A week later, Paul was at Vice about to get ready for the show when he saw Steven again. He immediately dropped everything to go buy him a shot. “I grabbed him and told him I owed him a shot, and he gave me a weird look. I explained to him who I was, and we did a shot.”

The pair flirted, and that night led to a committed relationship. 

“I had no thought of it being anything at all,” Liller said. “I had given up on the idea of finding anything long term. Drag queens often have a hard time finding people to date who will accept the drag queen side of things.”

The pair married in 2020 in a backyard wedding.

Paul Liller and his husband Steven Ashcraft at their wedding (Photo courtesy of Paul Liller).

“I had given up on the idea of finding anything long term. Drag queens often have a hard time finding people to date who will accept the drag queen side of things.”

Paul Liller

2020: The Covid-19 Pandemic

A notice announcing Vice Versa’s temporary shutdown was posted on the club’s Facebook page on March 17, 2020.

On March 15, 2020, Vice Versa shut down temporarily to reduce the spread of Covid-19, and it didn’t reopen for 13 months because of safety concerns. 

As bars and restaurants started to reopen for sit-down dining, Morgan and Yost dealt with repetitive questions on social media about when Vice Versa was going to reopen. 

“We have to find a healthy, polite way of saying, ‘We’re not ready,’” Morgan said. 

Morgan said that the bar can only seat 120 people with the tables and chairs that they have. “I cannot pay my rent and my employees with 120 people,” he said. 

“Even if we get to put four people to each table, if a single person came alone, they have to sit alone. If the first 10 people who come in the door come in by themselves, that’s 10 tables already taken up,” Yost said. 

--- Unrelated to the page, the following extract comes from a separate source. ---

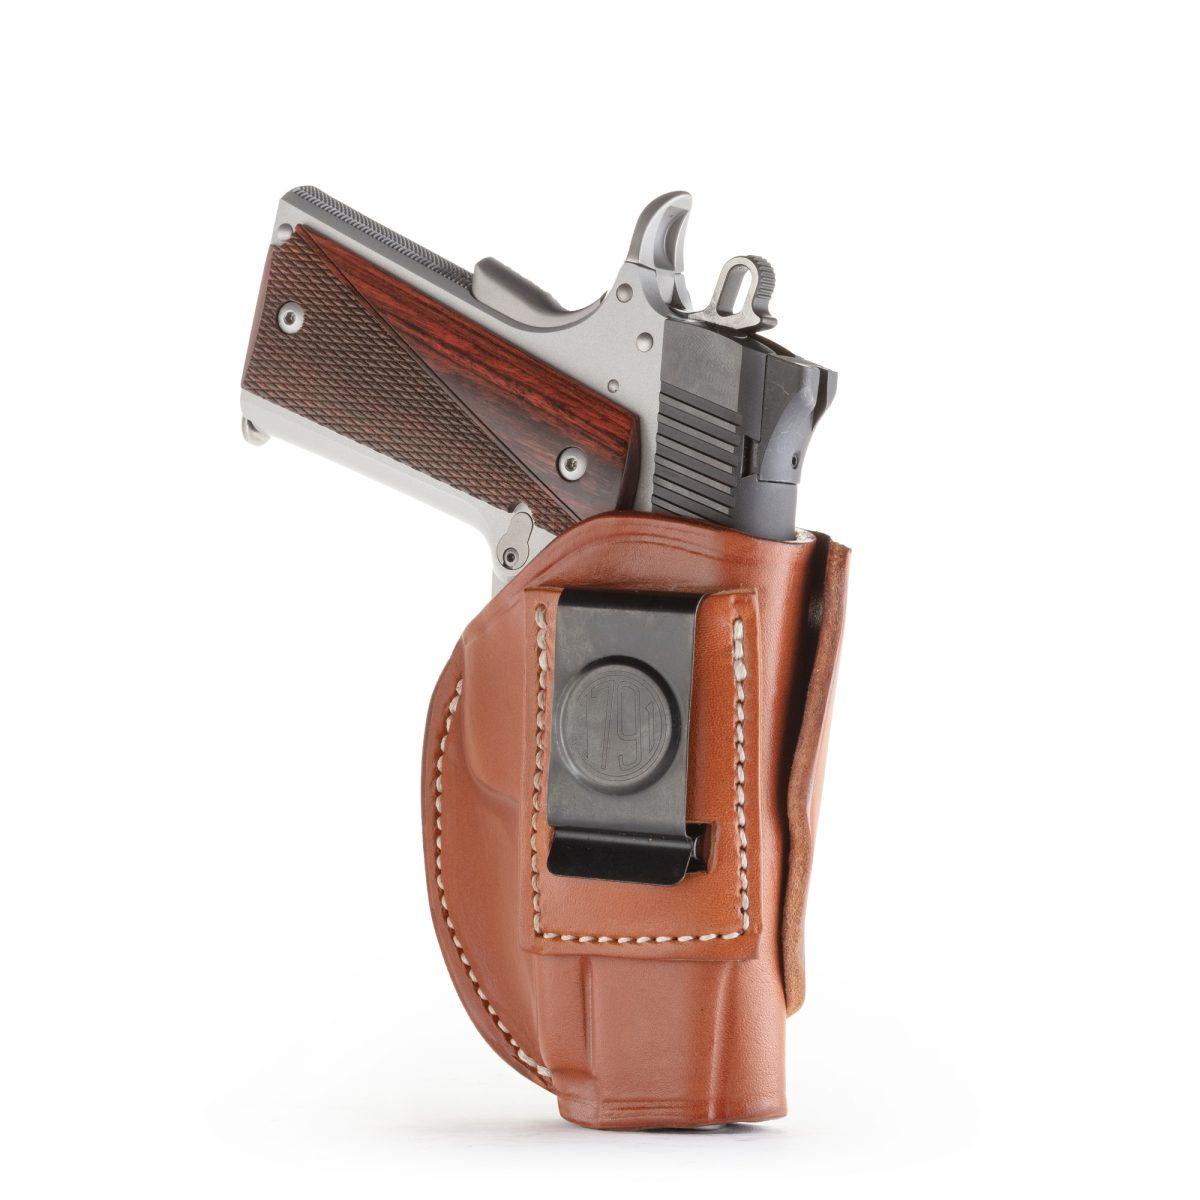 4 Way Concealment & Belt Leather Holster

With the increased vaccine rollout in West Virginia, Vice Versa was scheduled to reopen its doors on May 15, with strict mask mandates and social distancing.

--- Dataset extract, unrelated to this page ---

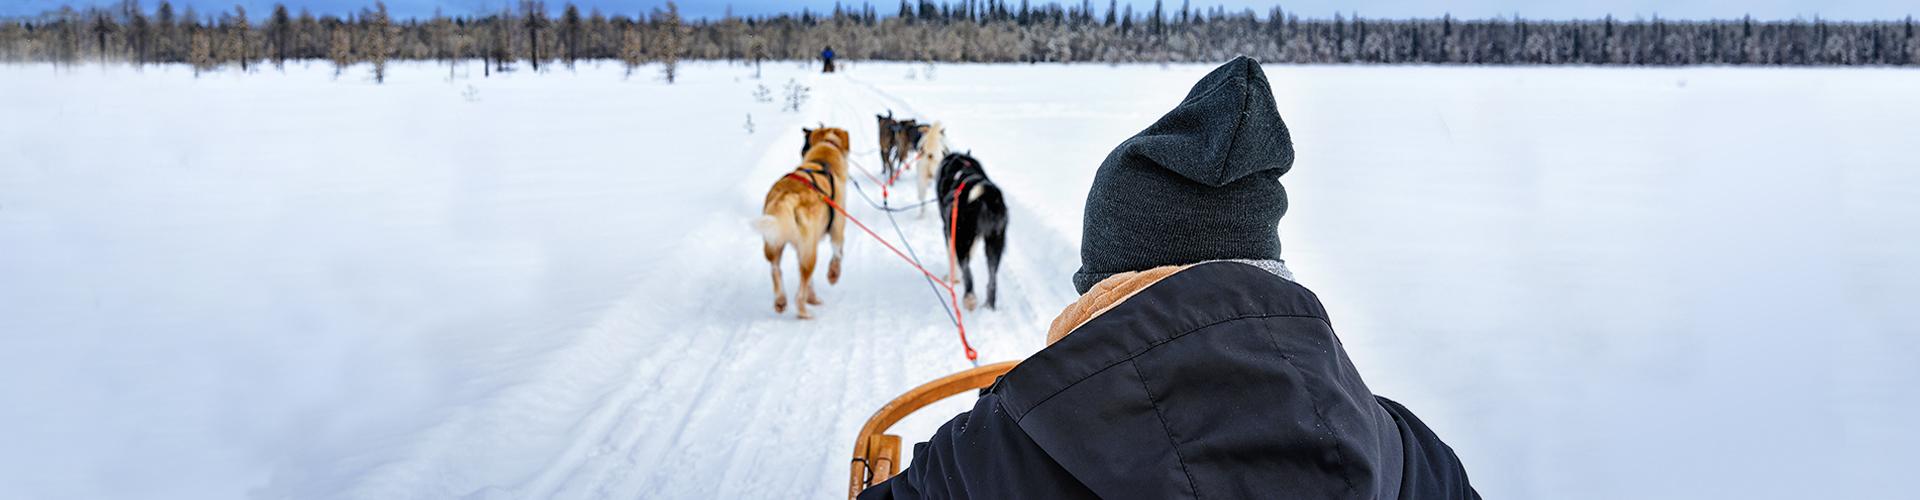 Finnish Lapland in Winter

The Future of 335 High Street

During the time period that the bar was closed, Yost and Morgan considered it a kind of retirement.

“My father died in January of 2020, and we had been discussing the fact of maybe selling out and retiring and getting out,” Yost said. 

Then the Covid-19 pandemic hit, and both owners changed their minds. “We both realized now that we’re not ready for that. We have a few more years to be here,” he said. 

And when their time at this bar is over, they want to make sure that this space goes to people who will honor the place’s importance to the community.

“We want to make sure whoever takes this from us is going to take it and keep it for the community. I don’t want this to go away,” Morgan said. “To me, [this bar] means community, and means it’s a part of history for us. And I don’t want to lose that.”


Kayla Gagnon is a student at West Virginia University’s Reed College of Media. She first produced this story as a capstone project for a course in multimedia reporting. Gagnon is also the producer and host of Queer Mountaineers, a podcast about the experiences of the LGBTQ+ community in West Virginia.